In other words, this 864 pages is just the tip of the iceberg. The rules for Stage 2 and Stage 3 of this program haven’t even been written yet. (An EP is an “eligible provider”, by the way.)
- The list of acronyms alone in this document is three full pages. If you were wondering why your doctor didn’t have time to review your test results today, trying to memorize these is probably one of the reasons.
- The HHS estimates that the time required for each physician to meet the Stage 1 eligibility requirements will be a mere 9 hours and 2 minutes. It’s nice to know that it can happen so quickly. Of course, that doesn’t take into account any of the weeks, months and (literally) years that the average provider has to spend learning, unlearning and wasting time on less efficient workflow after the typical EMR system is deployed. Not to mention the cost of the scribes that many are having to hire to keep these things from overwhelming their ability to care for patients entirely.
The bottom line is that this new ruling is just the tip of a federally mandated HIT iceberg that will end up costing providers, patients, businesses and taxpayers hundreds of billions of dollars in new healthcare administrative overhead costs. These costs, along with the cost of ongoing hardware and software maintenance and the loss of clinical efficiency that most providers incur when using these buggy, complex and poorly designed systems, will dwarf the initial $20 billion subsidy that is being handed to the IT vendors between now and 2015.
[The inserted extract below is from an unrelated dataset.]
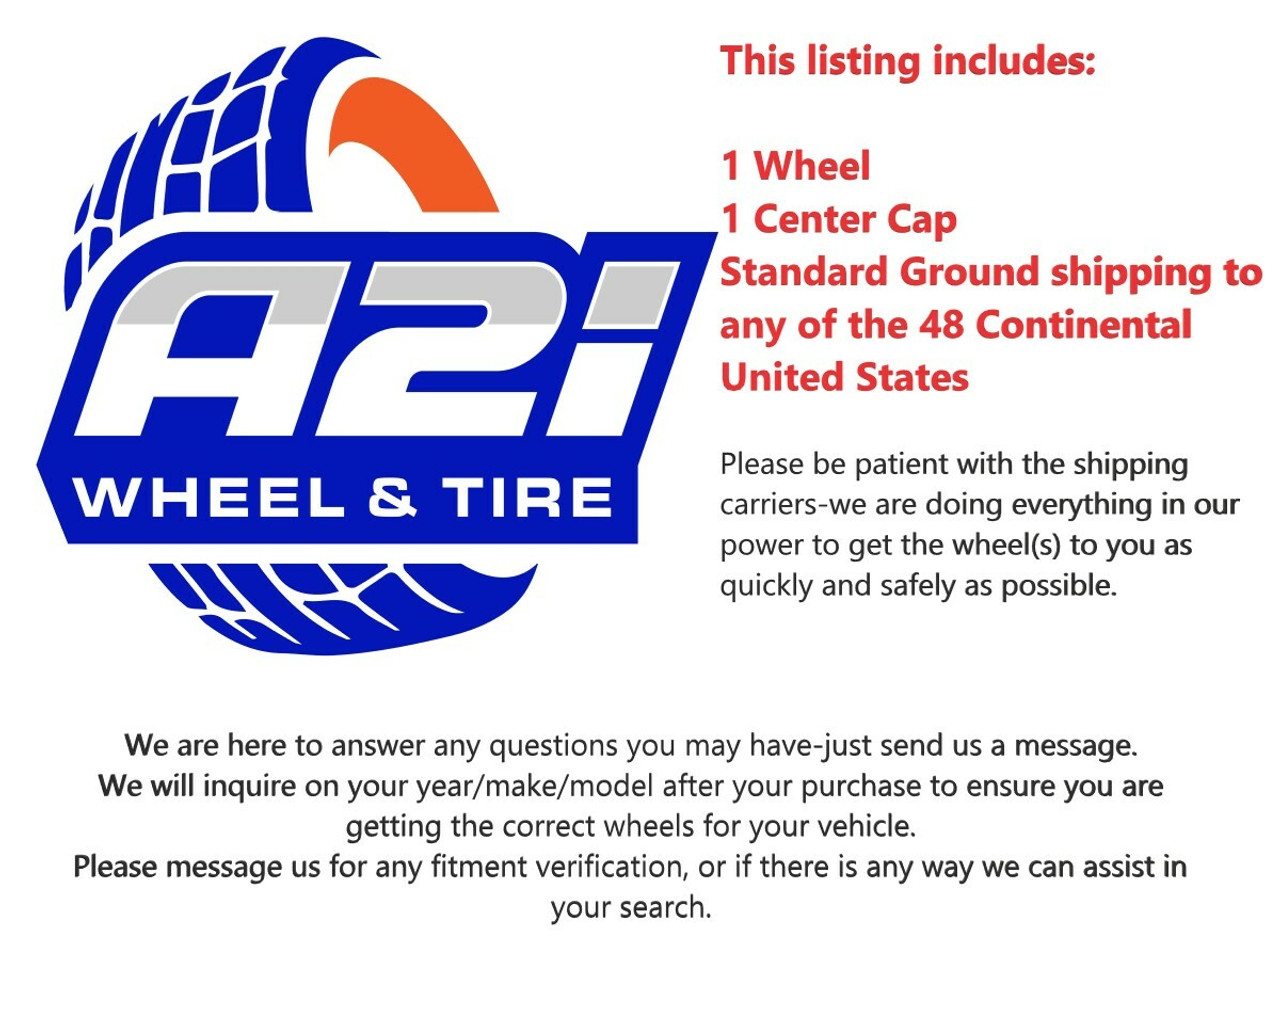 24" Axe Wheels Sembrado Fully Polished 24x9 Wheel 5x5 25mm For Jeep Wrangler Rim

There is nothing “final” about these long awaited rules on “meaningful use”. There are going to be thousands of new commandments to come.
Someone “in charge” might want to ask how these sorts of massive investments in HIT have worked out for the British NHS, or for the military’s AHLTA system. (Spoiler alert: not too well. Over the weekend I had my ear chewed off for over an hour by one of the Navy’s exasperated AHLTA-using doctors. He’s a dermatologist. It seems that there’s not really any practical way to “draw a picture showing where the skin lesions are using the damned thing…” This is one of those things that comes in very handy when you’re seeng a patient with skin problems. If only the government would sanction a technology like, er, pen and paper, or even clay tablets, that would allow us to do this!)
Someday our children will ask,
“Daddy, did doctors ever really spend their time actually looking at, listening to and taking care of patients instead of just doing stuff with the computer?”
And we’ll look at them wistfully, smile and say,
“Yes dear. But that was a long, long time ago. Before pay-for-performance. Before the Independent Payment Review Board. And before Meaningful Use.”